Exercise brief =>
In your copy, leave out the pictures and output only the lines from the one holding "Velociraptor | A" through the end of the data below, exactly.

Supplied material =>
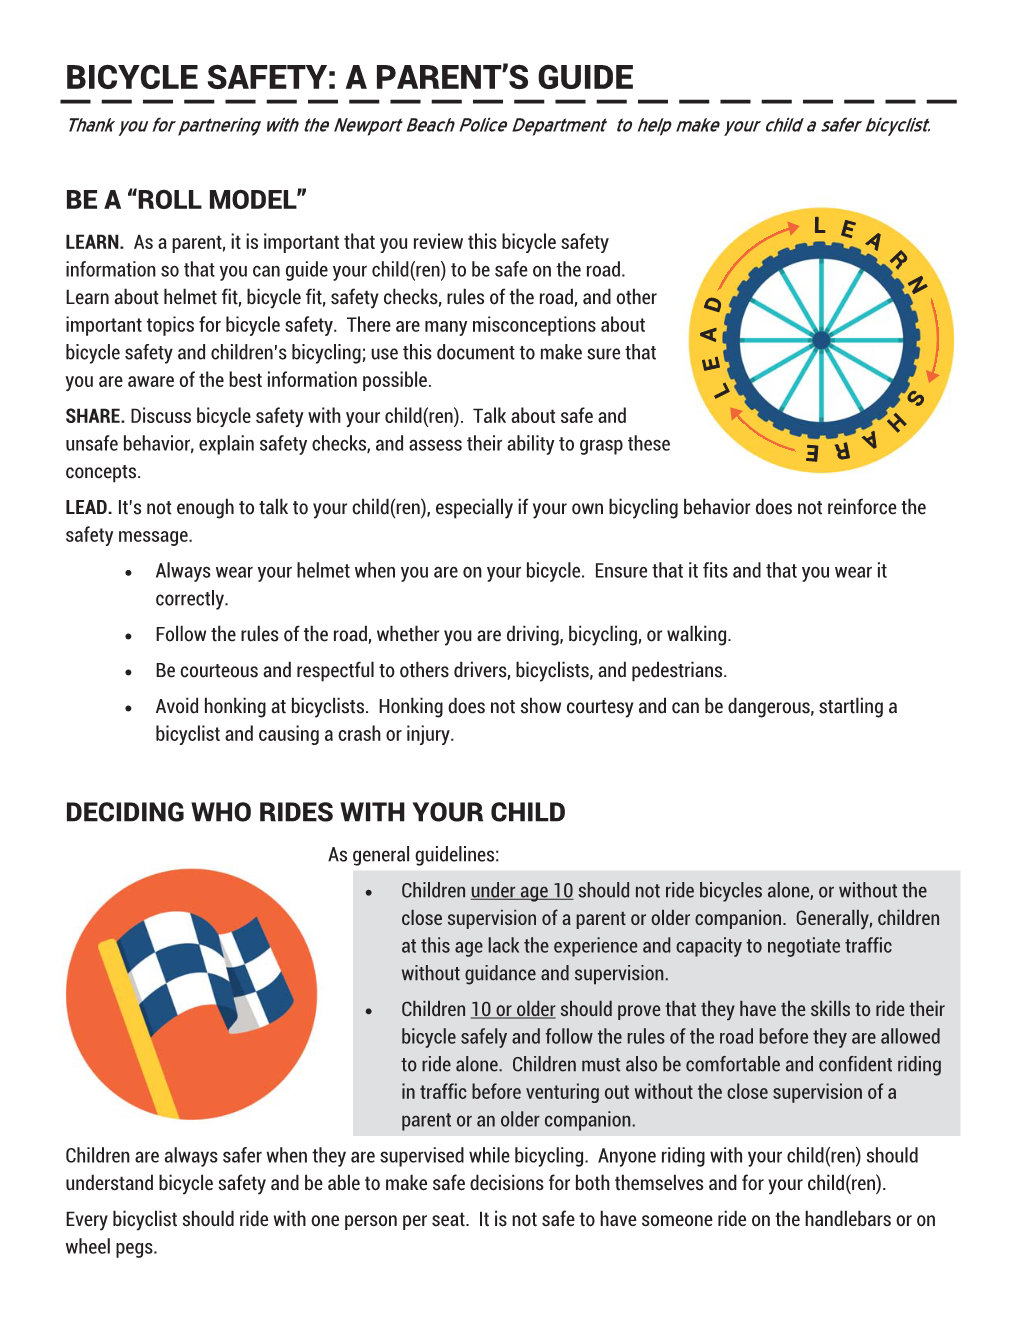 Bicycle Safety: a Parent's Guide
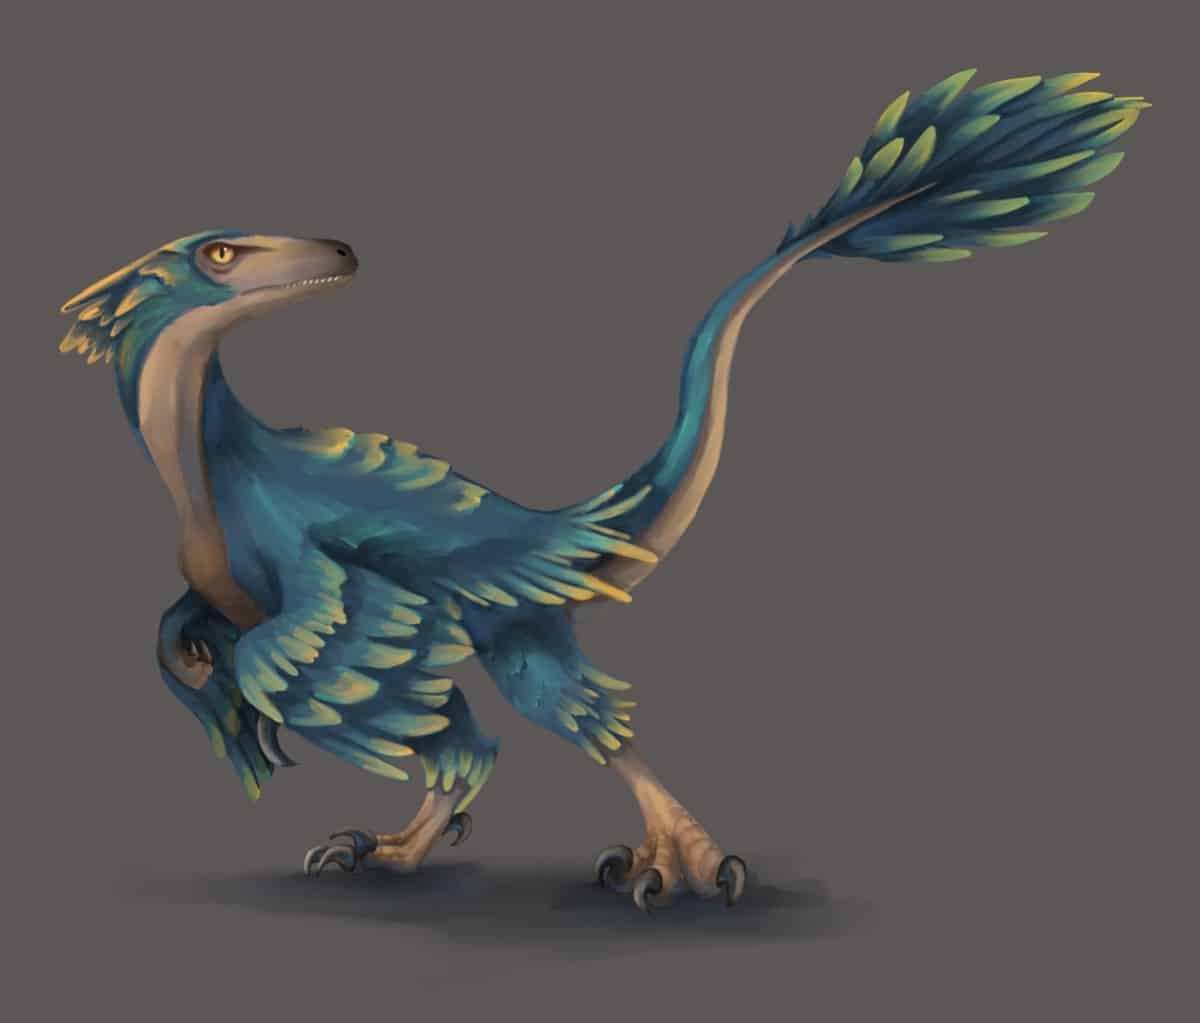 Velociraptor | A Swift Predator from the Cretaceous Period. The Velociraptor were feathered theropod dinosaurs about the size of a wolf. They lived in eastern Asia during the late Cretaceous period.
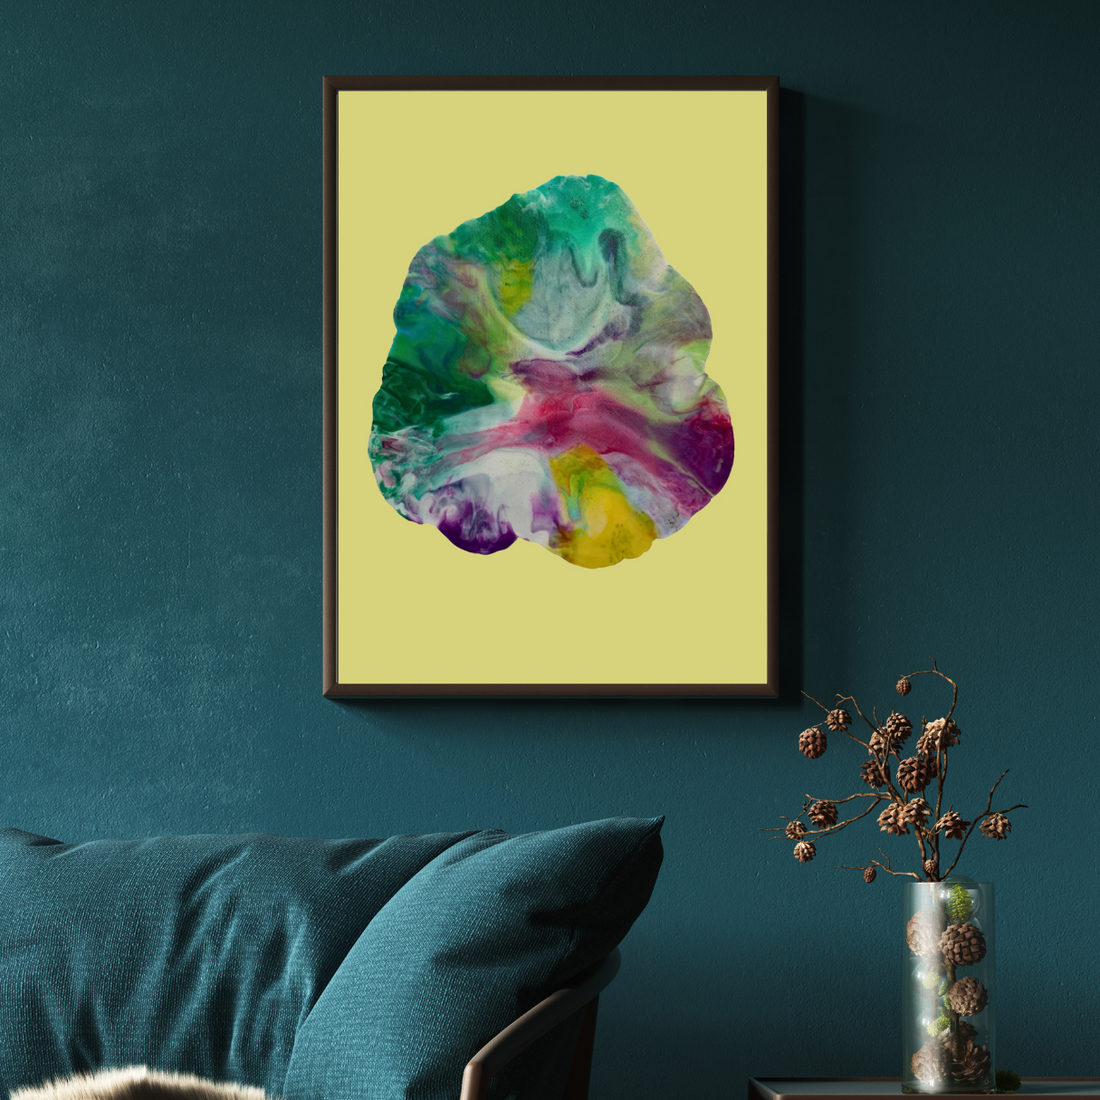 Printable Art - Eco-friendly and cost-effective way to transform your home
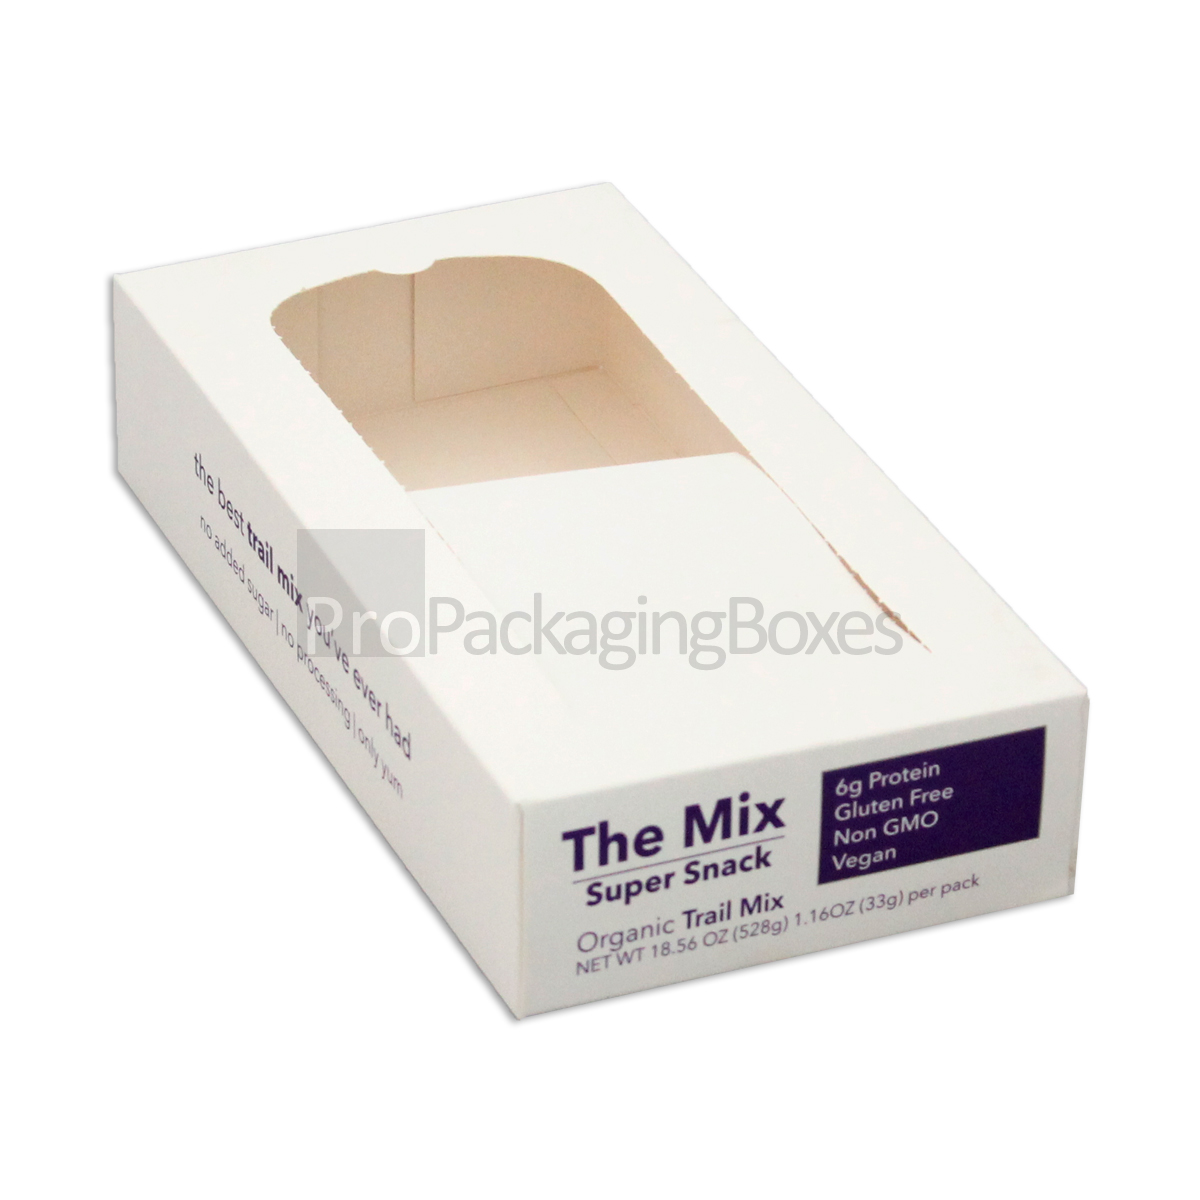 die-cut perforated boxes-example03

Exercise answer =>
 Velociraptor | A Swift Predator from the Cretaceous Period. The Velociraptor were feathered theropod dinosaurs about the size of a wolf. They lived in eastern Asia during the late Cretaceous period.
 Printable Art - Eco-friendly and cost-effective way to transform your home
 die-cut perforated boxes-example03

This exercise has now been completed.